Below this line is the material. Write out only its lines from the one containing "Gullivers Pub befindet" through the one containing "Livre ISBN 2764623372", both kept, exactly.
===== Information given =====
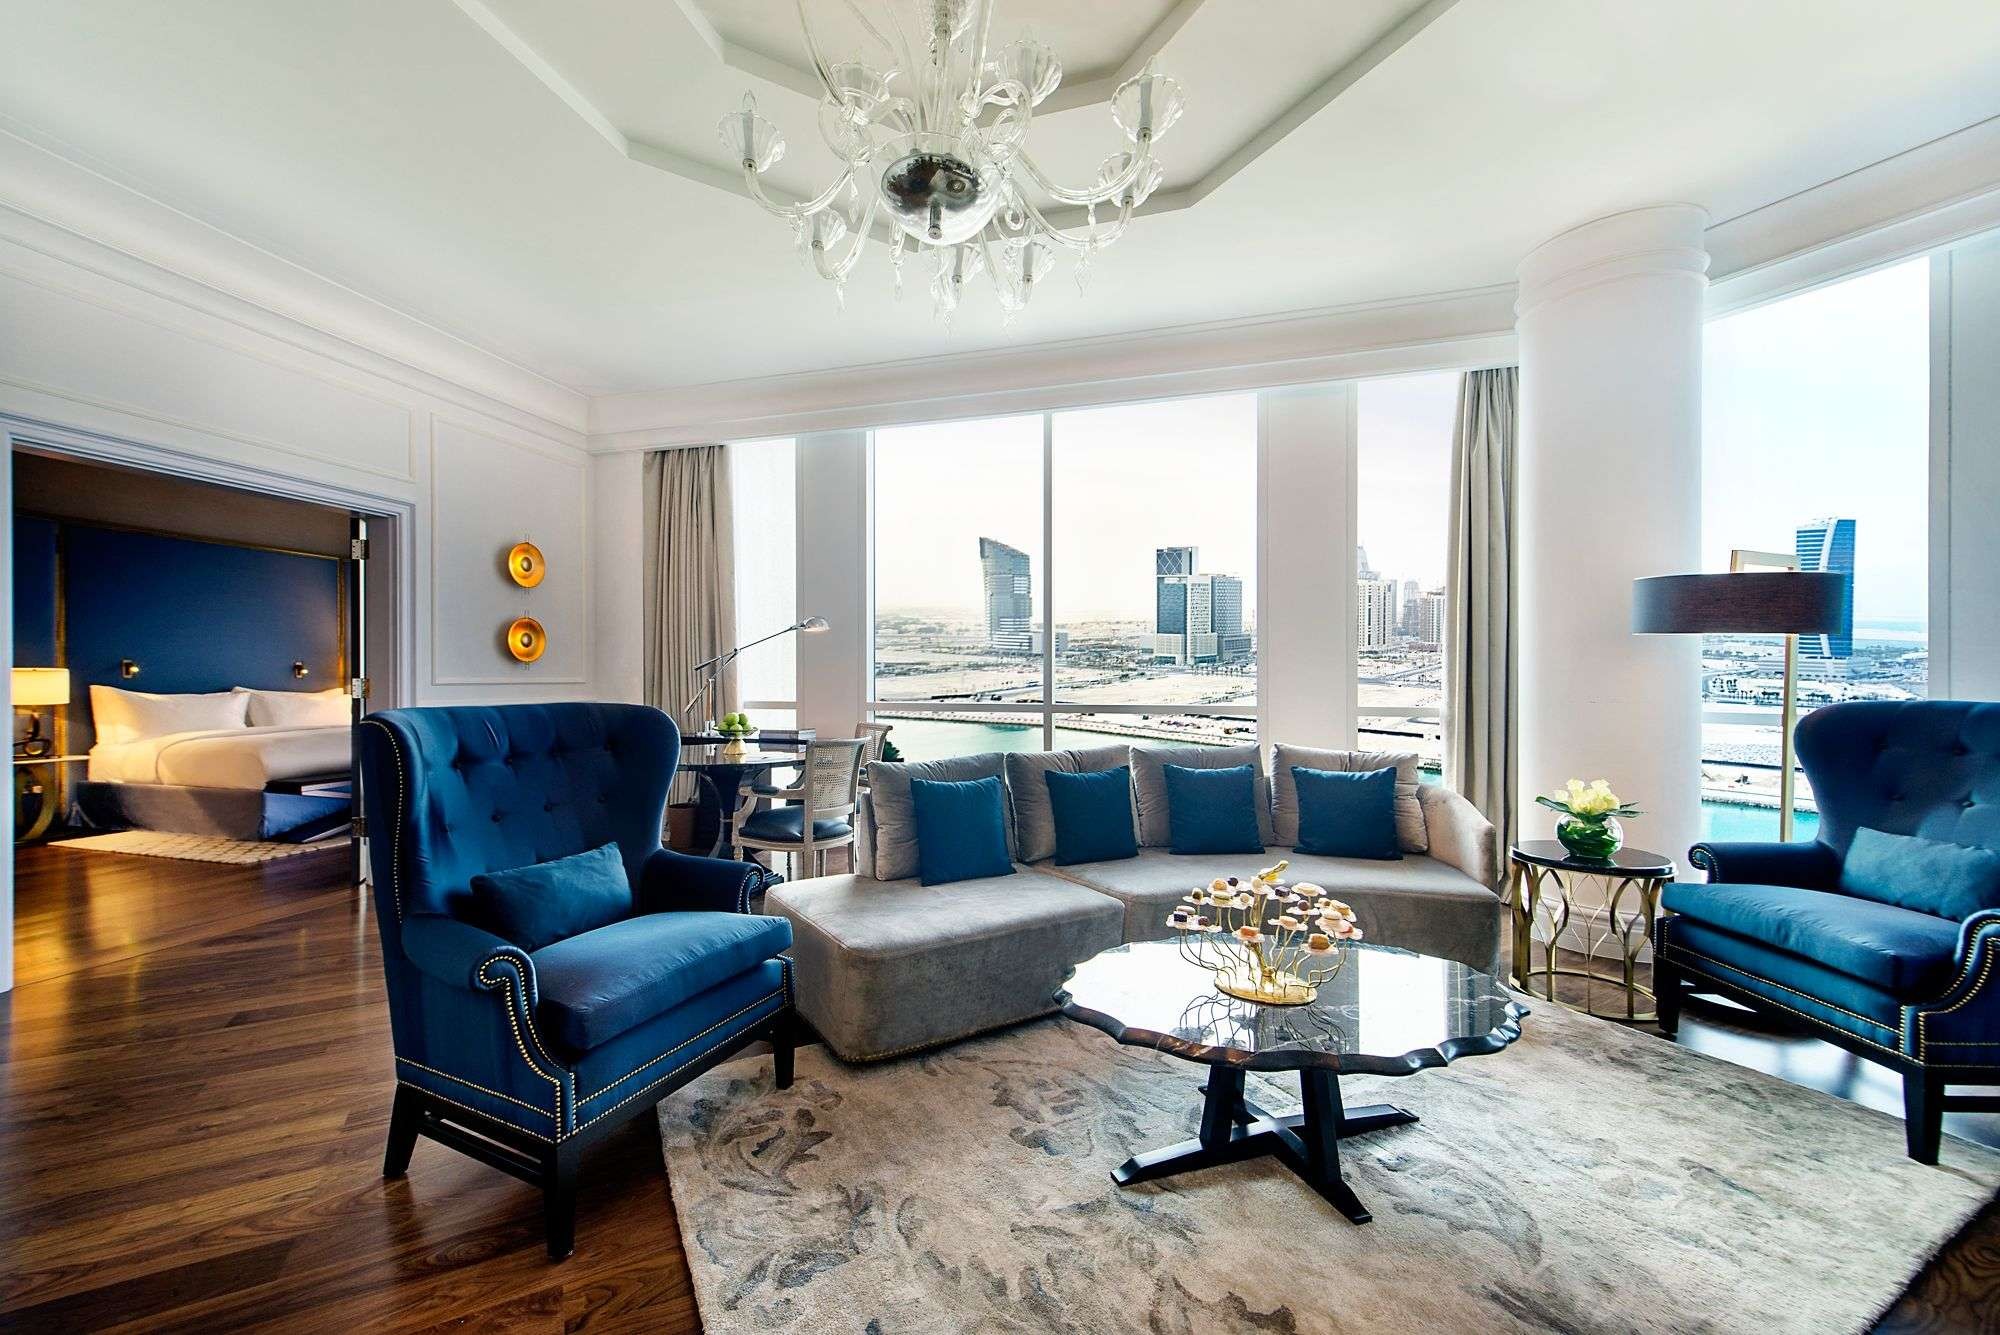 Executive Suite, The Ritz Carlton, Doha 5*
=====
===== Information given =====
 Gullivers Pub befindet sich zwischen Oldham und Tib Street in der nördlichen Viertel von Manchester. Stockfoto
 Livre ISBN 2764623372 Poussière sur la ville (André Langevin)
=====
» Completed exercise
 Gullivers Pub befindet sich zwischen Oldham und Tib Street in der nördlichen Viertel von Manchester. Stockfoto
 Livre ISBN 2764623372 Poussière sur la ville (André Langevin)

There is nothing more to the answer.